- Task objective -
Write out the listing below in its entirety, minus the pictures, without changing a word.

- Collected material -
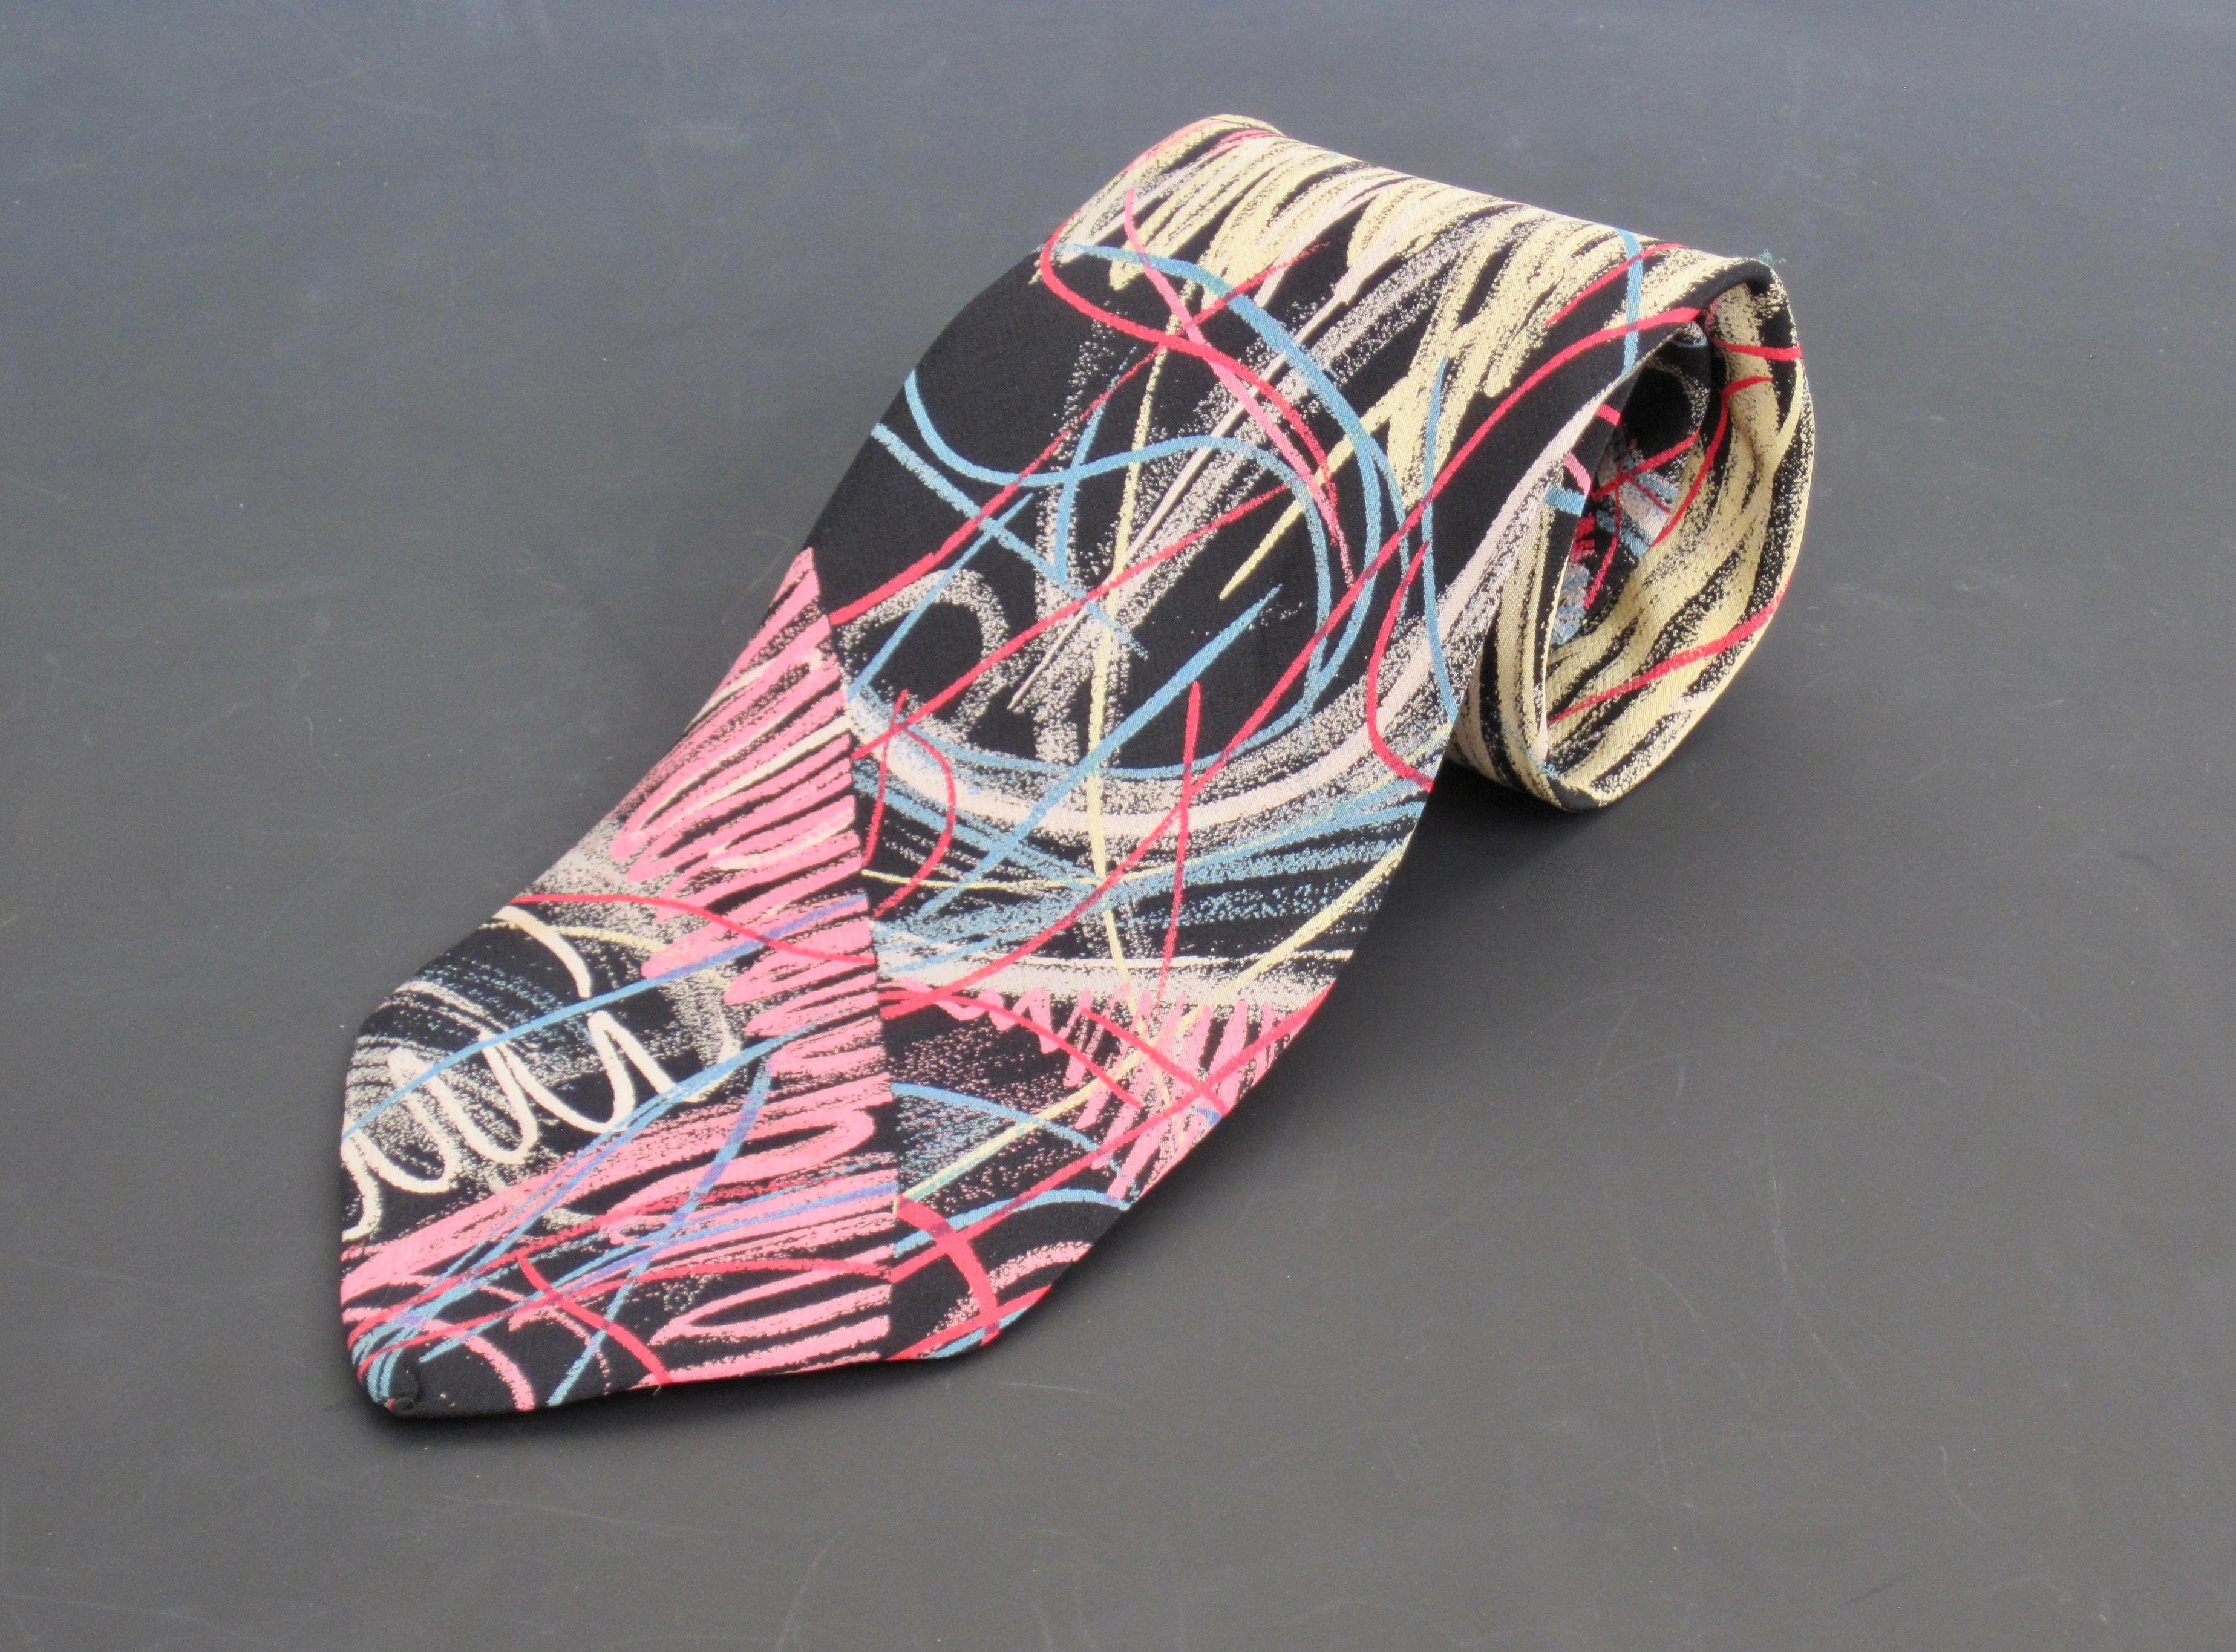 Cravate italienne en soie avec un dessin coloré de Massimo Iosa Ghini, circa 1985. Les lignes bleues et rouges superposées à des gribouillis jaunes, roses et gris et à un fond noir créent une ambiance amusante, énergique et artistique. 
Cet article
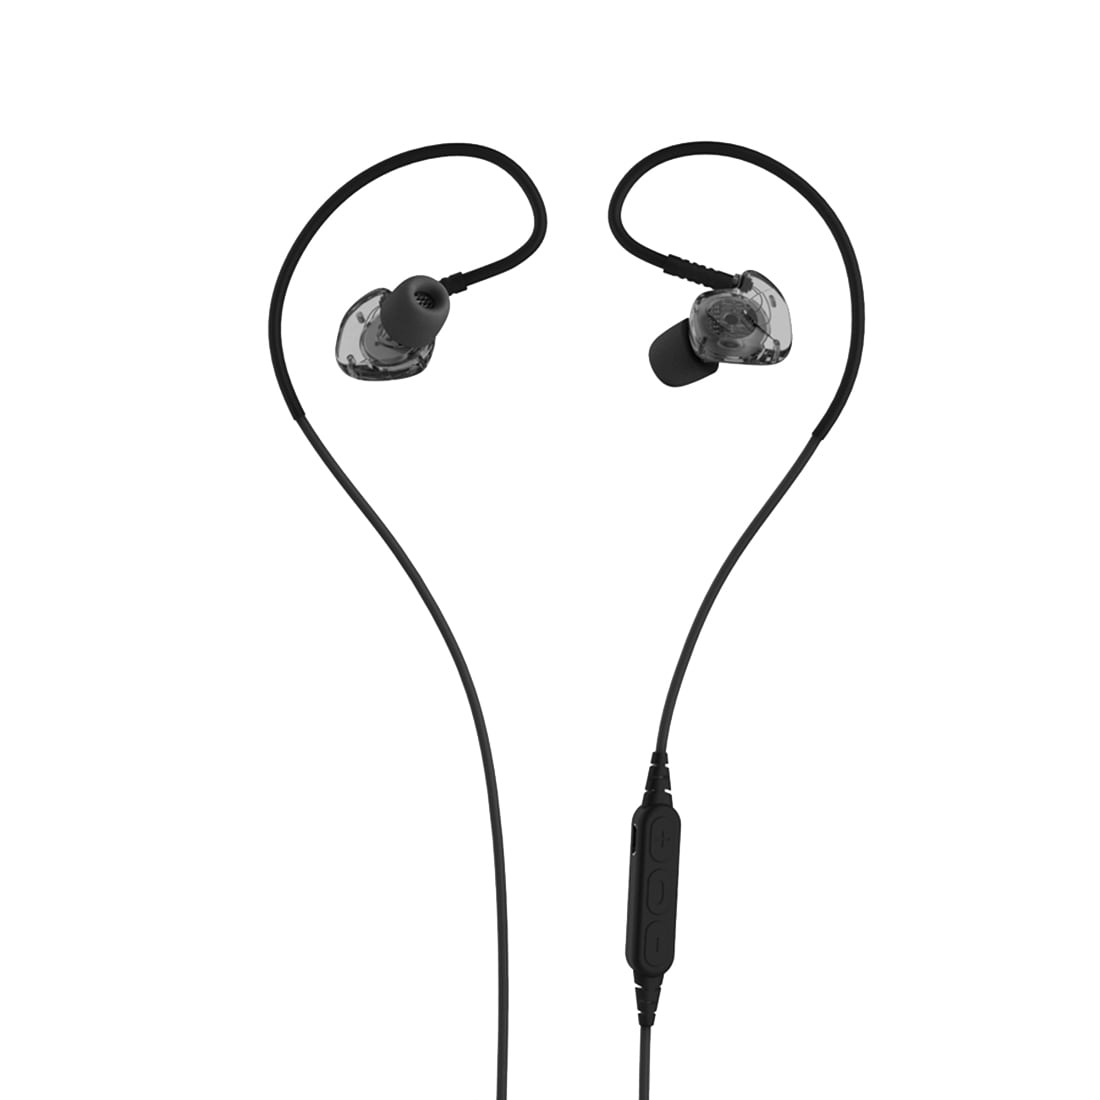 Sport Beat IPX5 kestävät Stereo Sport Bluetooth In-Ear kuulokkeet

- Solution -
 Cravate italienne en soie avec un dessin coloré de Massimo Iosa Ghini, circa 1985. Les lignes bleues et rouges superposées à des gribouillis jaunes, roses et gris et à un fond noir créent une ambiance amusante, énergique et artistique. 
Cet article
 Sport Beat IPX5 kestävät Stereo Sport Bluetooth In-Ear kuulokkeet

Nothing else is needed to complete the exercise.